(Submitted by Heidi Wood – SD 41 Burnaby)
Poem: When the Mask Opens
Source: Taking the Names Down From the Hill
Poet: Philip Kevin Paul
- Listen critically to understand and analyse ideas and information, by visualizing and sharing; making inferences and drawing conclusions.
- Recognize and apply the features of oral language to convey and derive meaning, including text structure and nonverbal communication.
- Read fluently and demonstrate comprehension and interpretation, including: poetry in a variety of forms, stories from Aboriginal and other cultures.
- Select and use various strategies during reading and viewing to construct, monitor, and confirm meaning, including: making connections, visualizing, and reading selectively.
- Create meaningful visual representations for a variety of purposes and audiences that communicate a personal response, information, and ideas relevant to the topic.
Goal of the Lesson
To encourage visualization, sequencing, and inference making using poetry.
Activate Prior Knowledge
Utilize the “Poet’s Toolbox” (Georgia Heard)
Teachers ask students to consider the following questions while completing the poetry writing/reading tasks below:
What tools have been used that help you visualize the sequence of events?
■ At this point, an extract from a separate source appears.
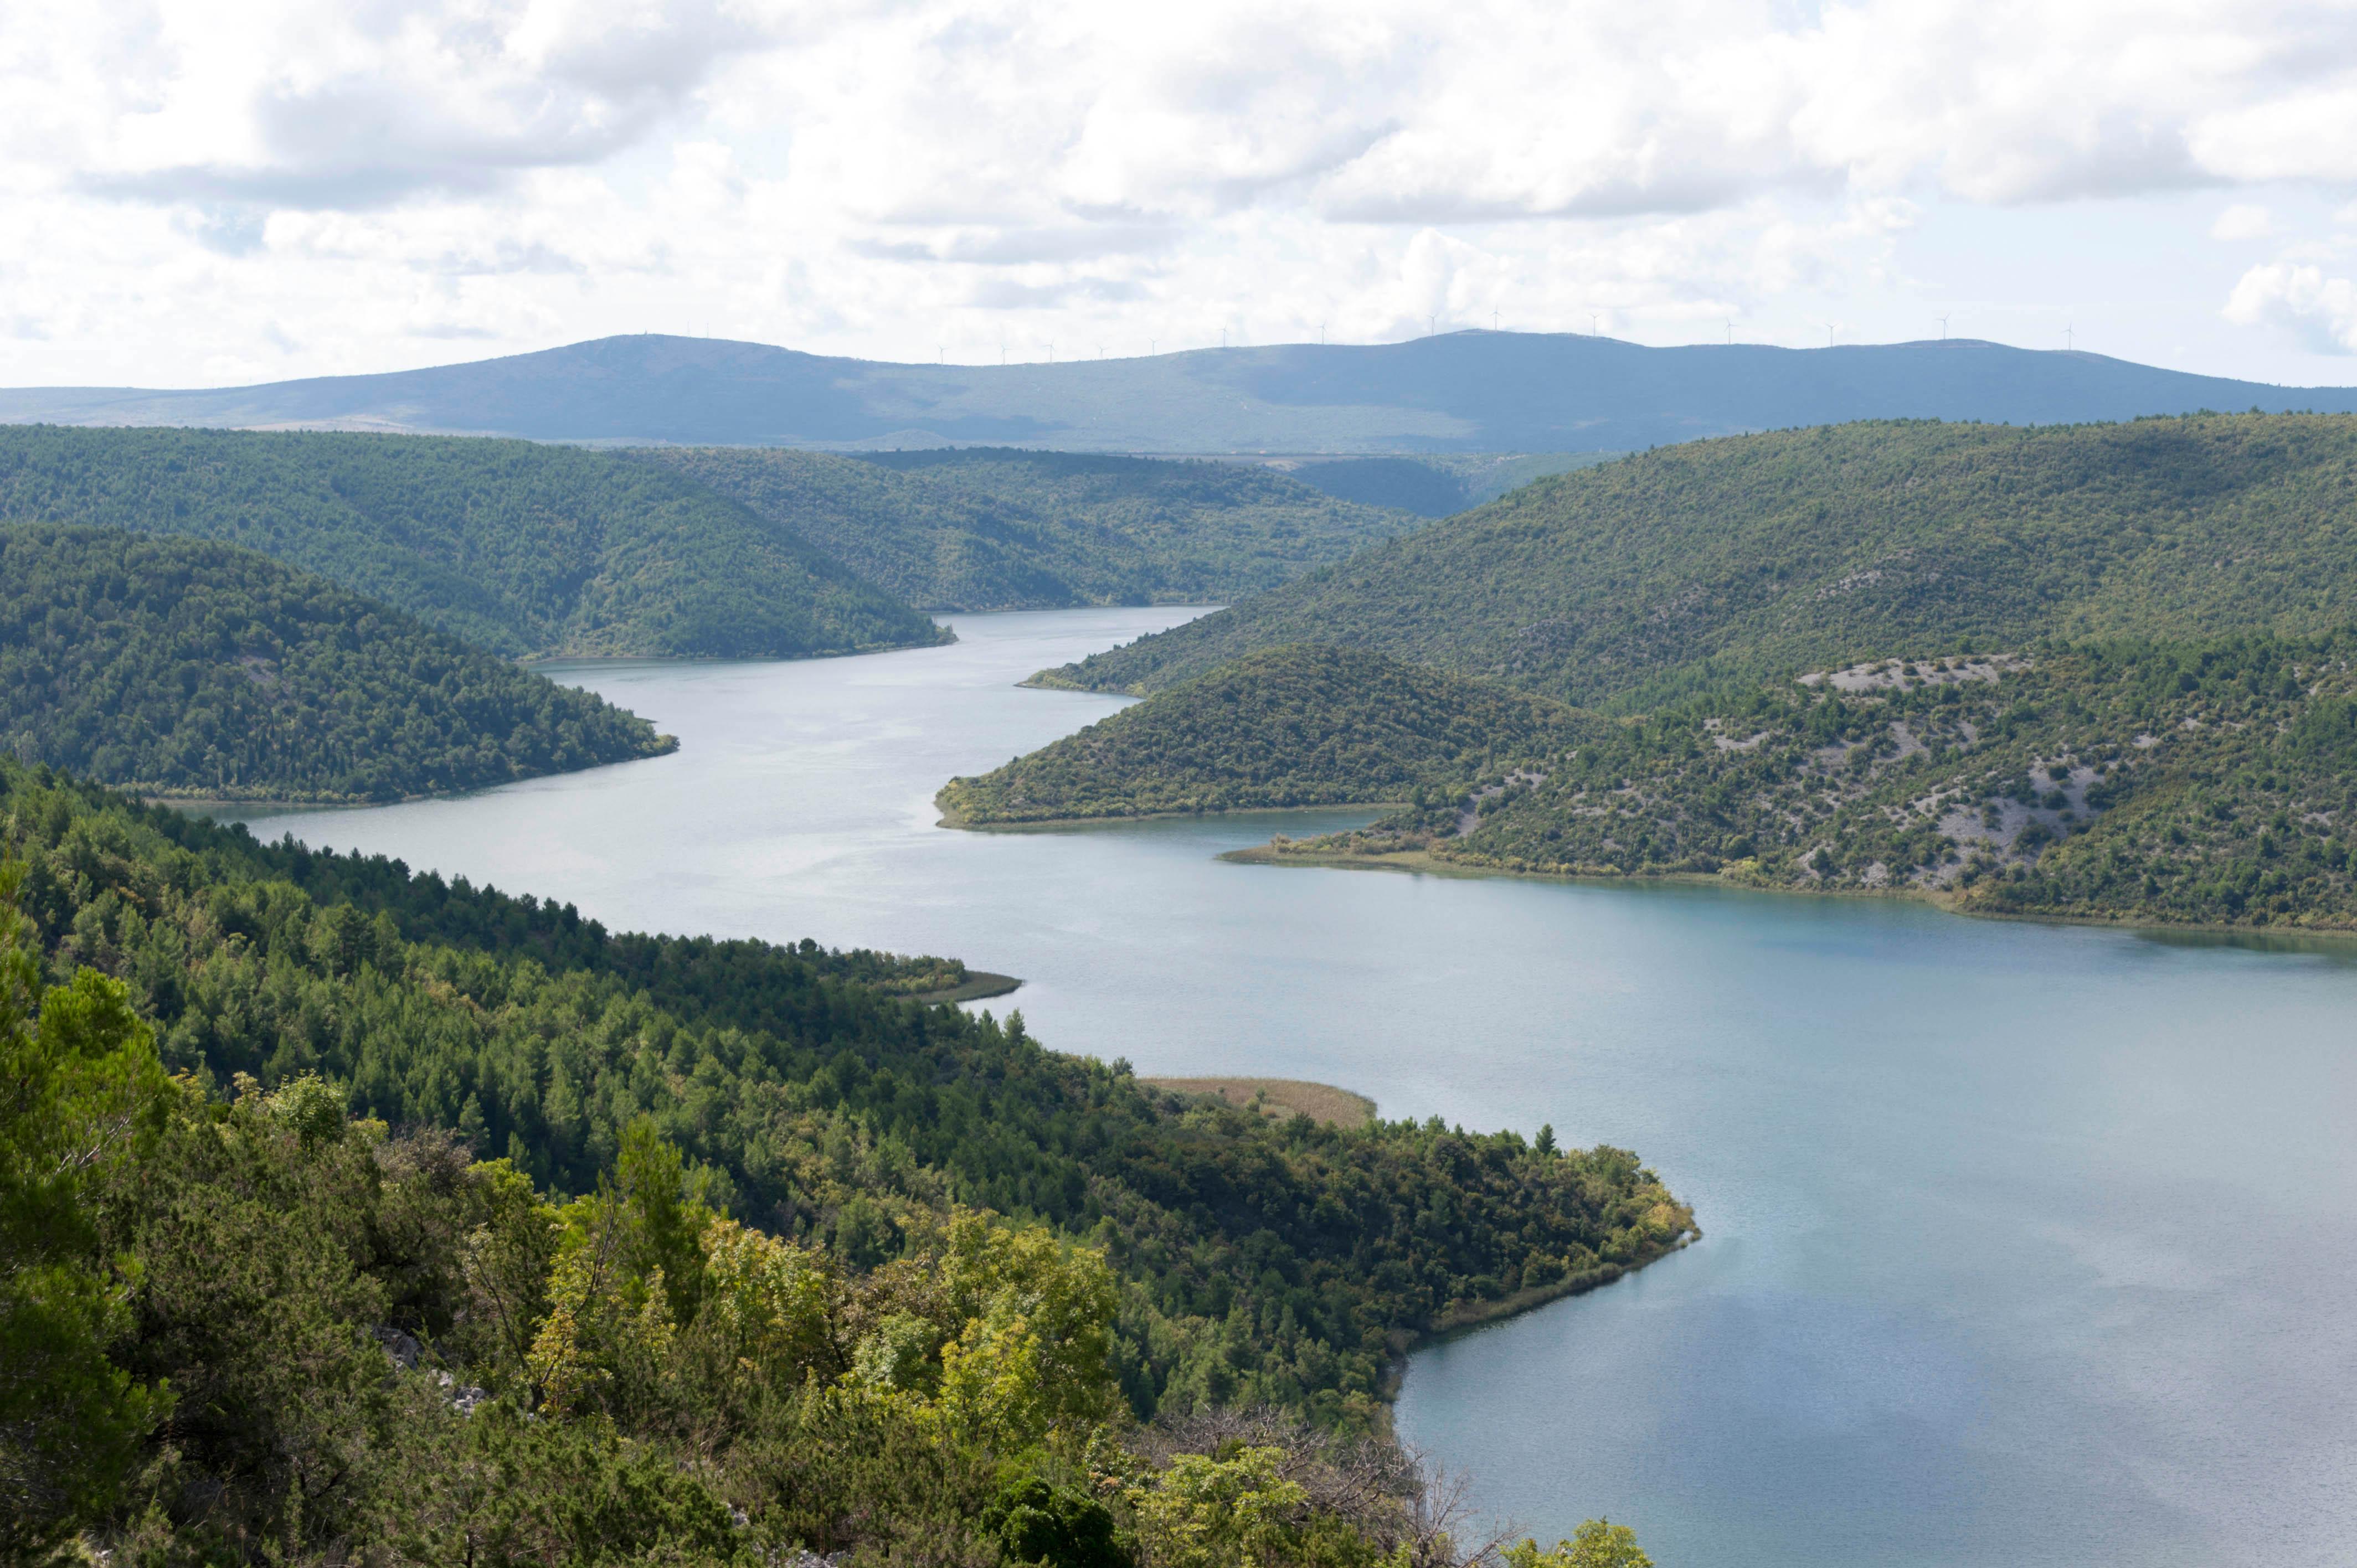 9472-Parc national Krka (Dalmatie du Nord)

What is the purpose behind the structure of the poem?
In your opinion, what is the poet trying to draw references to?
– Share/discuss student word choices
Read the original poem When the Mask Opens by Philip Kevin Paul
– Students take turns reading the original in pairs/two voices/round/etc….
– Teacher discusses tools and questions to promote inference making and visualization.
- Discuss the different types of masks used in history, traditionally, currently – use pictures to prompt discussion in either a gallery walk or table talk.
- Create paper drawings of masks that represent the student.
- Write a poem about what the masks means to the student.
- Using the five senses of see/hear/taste/feel/smell gives a good framework for exploring the meaning.
Masks can be varied around the world. Try showing pictures that compare an ancient culture to a modern mask. For example sun masks can be found in cultures all over the world and from a large period in history.
Modern society creates masks in the media with makeup, clothing, hair, etc…
Exploring the history of masks regardless of its use has two common points: they are used to conceal or partially conceal the person/identity who is wearing it and it represents a different person or creature other than the person who is wearing it.
(Dana Cormaney, copyright 2003 – www.hallowfreaks.com/masks)
The mask and the poem are evaluated using the criteria sheet and brainstorm format. (see When the Mask Opens: Poetry Activity)
Reflect on Learning
Create a visual journal/collage that represents the history of masks or a collection of masks that explore personal and cultural identity.